Thor shrugged, saying, “Not necessarily killed.”
“Our reports,” said the man in the suit, “indicate that Quetzalcoatl recently manifested himself as an abnormally strong, winged snake-man hybrid with an unverified arsenal of supernatural powers. Plus he has a loyal, downright devout, army of liberal arts majors and hobos numbering in the thousands.”
“Sounds like killed to me,” said Chester A. Arthur XVII.
“Wait…” said Thor, “snake-man?”
“Yes,” said the man from the Department of Science. “Snake-man.”
“Well, how much snake and how much man, exactly?”
“I’m sorry?”
“If you were walking down the street and you saw this guy, would you be like, ‘Holy crap, it’s a giant snake,’ or ‘Oh my goodness, that man has a tail?’”
“I don’t…”
“This is very important,” said Thor, grabbing the man in the suit by the suit the man was in, “answer my fucking question.”
“I don’t know. Sir. I honestly don’t. Please don’t hurt me.”
“Let him go, Thor,” said Catrina.
Thor let go of the man in the suit, but continued staring at him hard enough to make the man need a dry cleaner. Catrina, meanwhile, turned her attention to Judy.
“Judy?”
“Hey, I don’t know either,” replied Judy, putting up her hands. “We were told that every reconnaissance drone sent out by the Department of Science exploded or otherwise ceased to function. So no one’s actually received a visual yet.”
“According… according to our research, though,” said the man with the wet crotch, taking a folder from one of the other men in suits and hastily flipping to a page within it, “Quetzalcoatl was traditionally described as ‘the feathered serpent.’ So I’d wager he’s more snake than man. Probably.”
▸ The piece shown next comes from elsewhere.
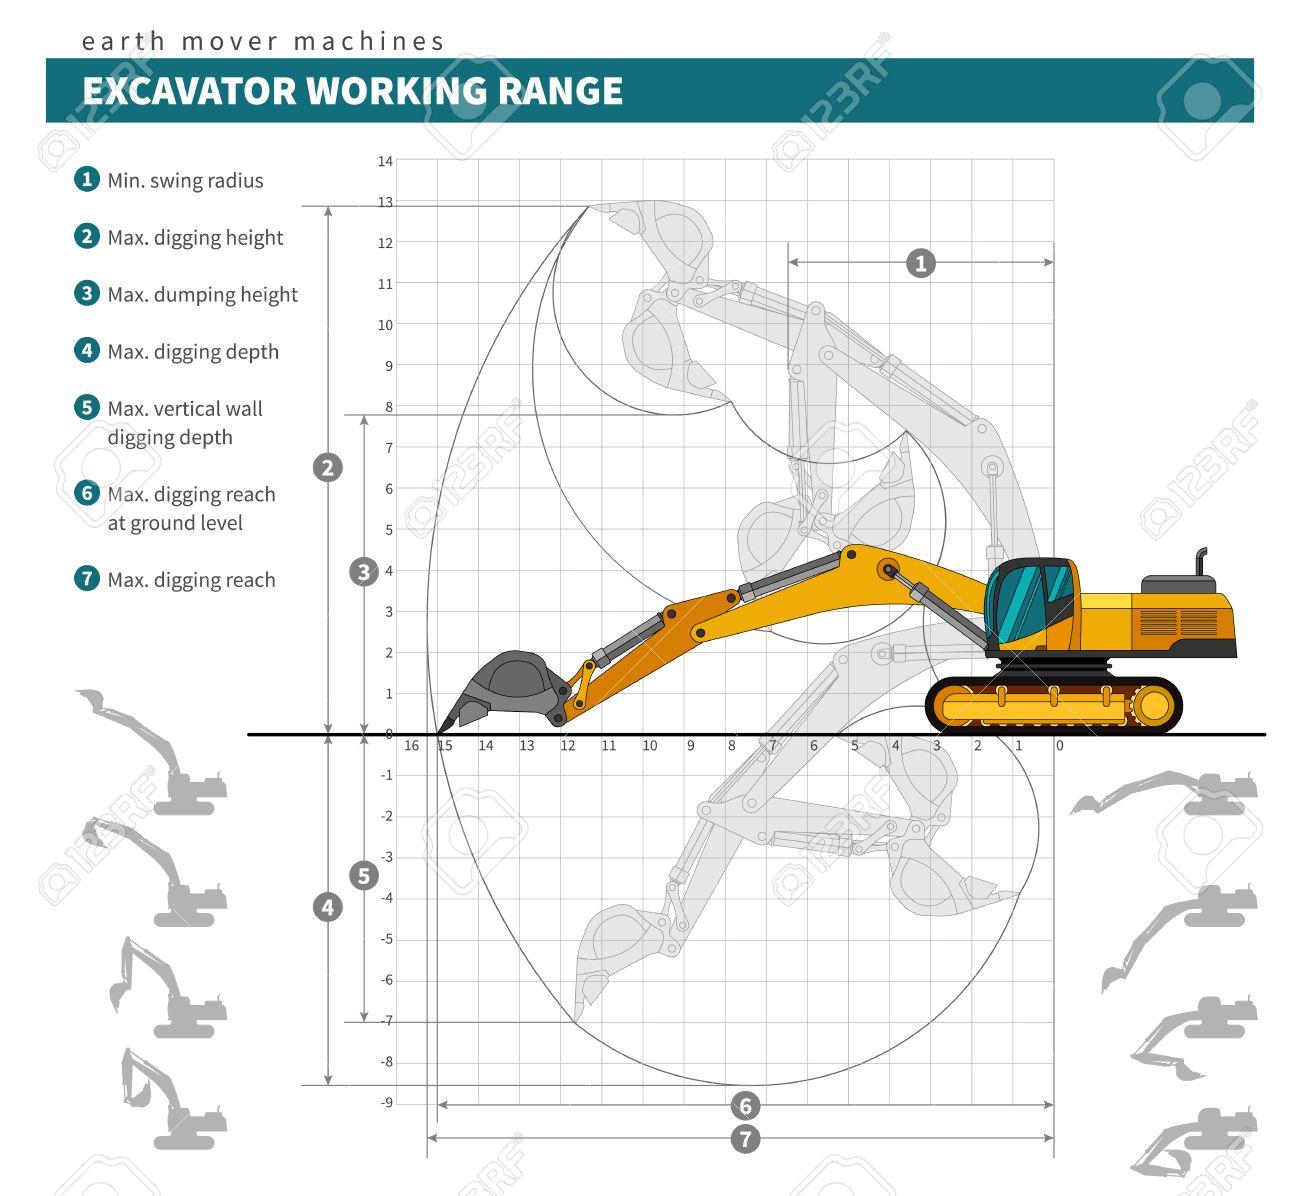 Excavator working range technical drawing blueprint  Heavy equipment

“Well,” said Thor, with unexpected calmness, “seeing as how you’re all clearly so well-versed in mythology, I’m sure it’s safe to assume that you’re already aware my battle with Jormungand, the Midgard Serpent, is prophesized as a key part of Ragnarok, right? And since the dead have already risen and I was at least partly responsible for killing Fenrir the Wolf, probably, the prophecy is kind of accurate. You know, within interpretation.”
“I understood maybe half of that,” said Judy.
“If I fight a giant snake the world will end. For real.”
“Well,” she said, “maybe you think so. We’ll take our chances.”